There is regional variation in the use of laparoscopic cholecystectomy (LC) for acute cholecystitis in the New England (Maine, New Hampshire, Vermont, Massachusetts, Rhode Island, and Connecticut) Medicare population.
Population-based, cross-sectional study.
Hospital service areas (HSAs), small geographic areas reflecting local hospital markets, in New England.
We identified from the claims database 21 570 Medicare patients undergoing cholecystectomy between 1995 and 1997. Patients with acute calculous cholecystitis but no bile duct stones (n=6156) were then identified using International Classification of Diseases, Ninth Revision diagnostic codes. To reduce variation by chance, we excluded patients residing in HSAs with fewer than 26 cases, leaving 5014 patients in 77 HSAs.
Main Outcome Measures
For each HSA, we assessed the rate of cholecystectomies performed laparoscopically, mortality, and hospital length of stay.
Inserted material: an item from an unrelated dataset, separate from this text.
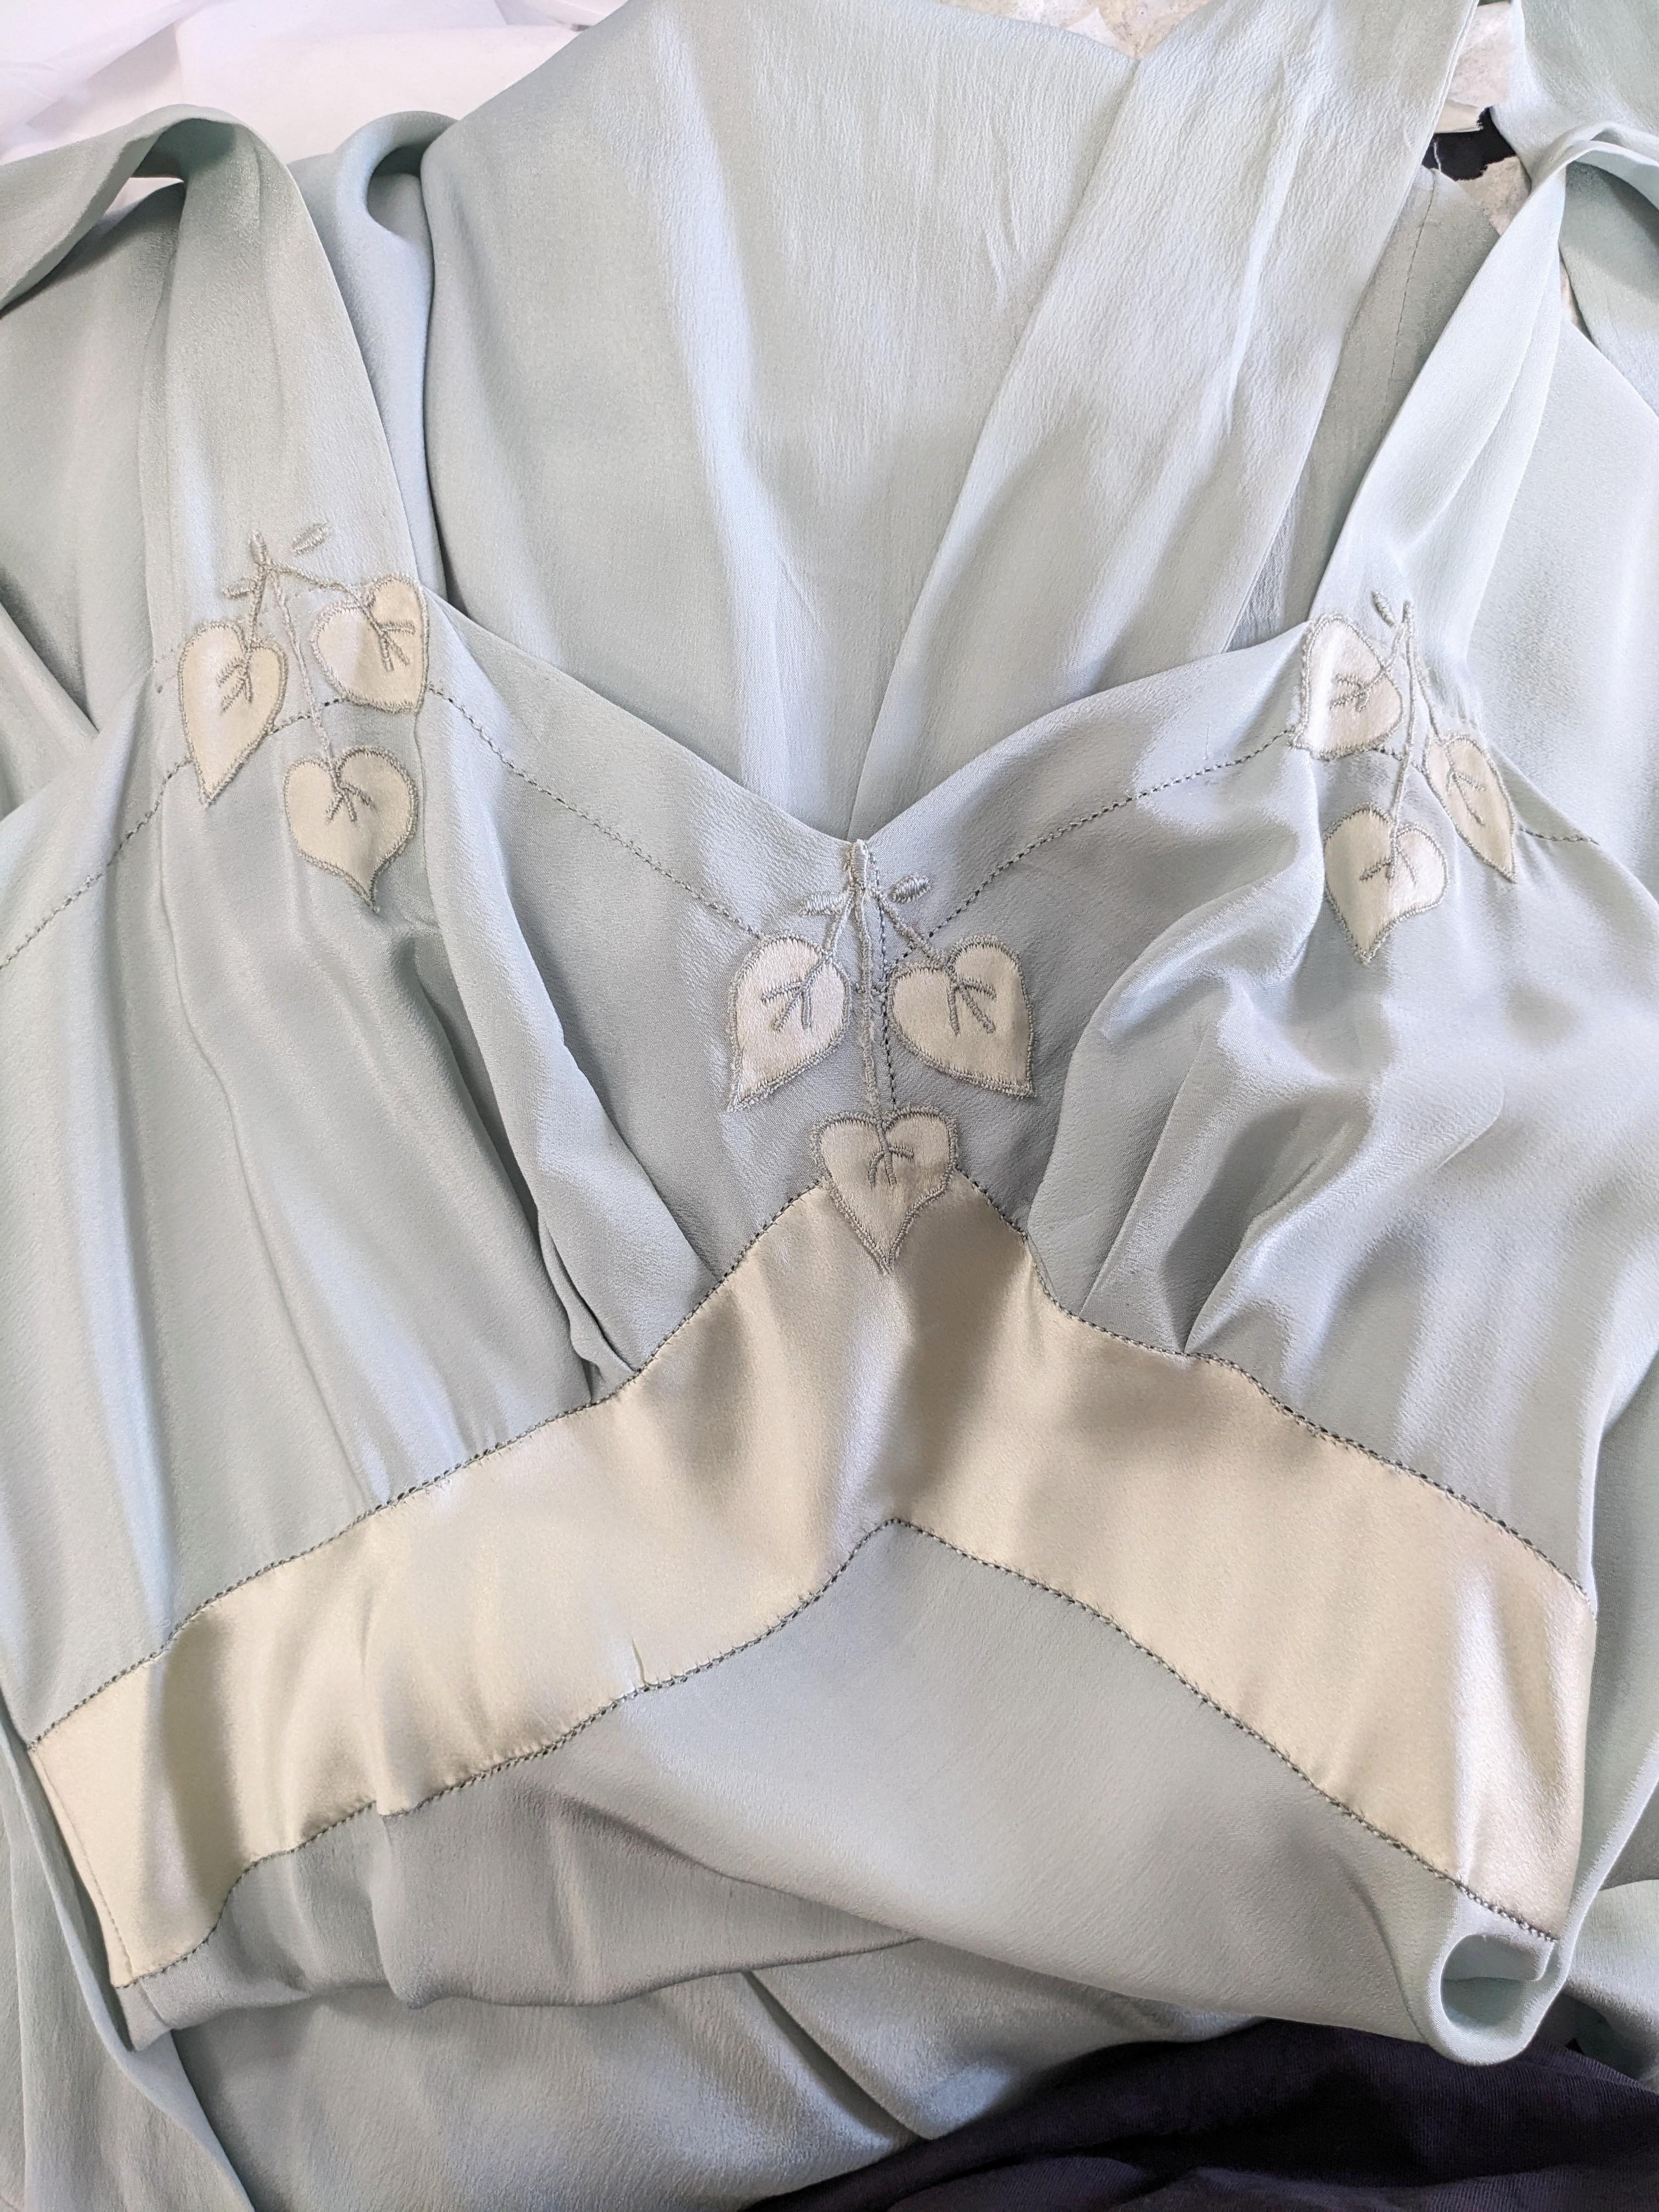 Sehr ungewöhnliches langes französisches Kleid aus Seidenkrepp und Seidensatin aus den 1930er Jahren in blassem Schieferblau. Seidensatin-Philodendronblatt-Applikation auf dem Mieder und Satin-Tailleneinsatz mit langen Satin-Selbstbindern an den

Overall, 53.5% of patients with acute cholecystitis underwent LC. There was wide regional variation in the rate of patients undergoing laparoscopic surgery, from 30.3% in the Salem, Mass, HSA to 75.5% in the Hyannis, Mass, HSA. Seventeen HSAs had rates below 40%, while 9 had rates above 70%. The average length of stay (7.6 days) was approximately 1 day shorter in HSAs with high rates of patients undergoing LC than in other HSAs. There was no correlation between regional use of laparoscopic surgery and 30-day mortality (3.1% overall).
The likelihood of elderly patients with acute cholecystitis receiving LC depends strongly on where they live. Efforts to reduce regional variation should focus on disseminating techniques for safe LC in this high-risk population.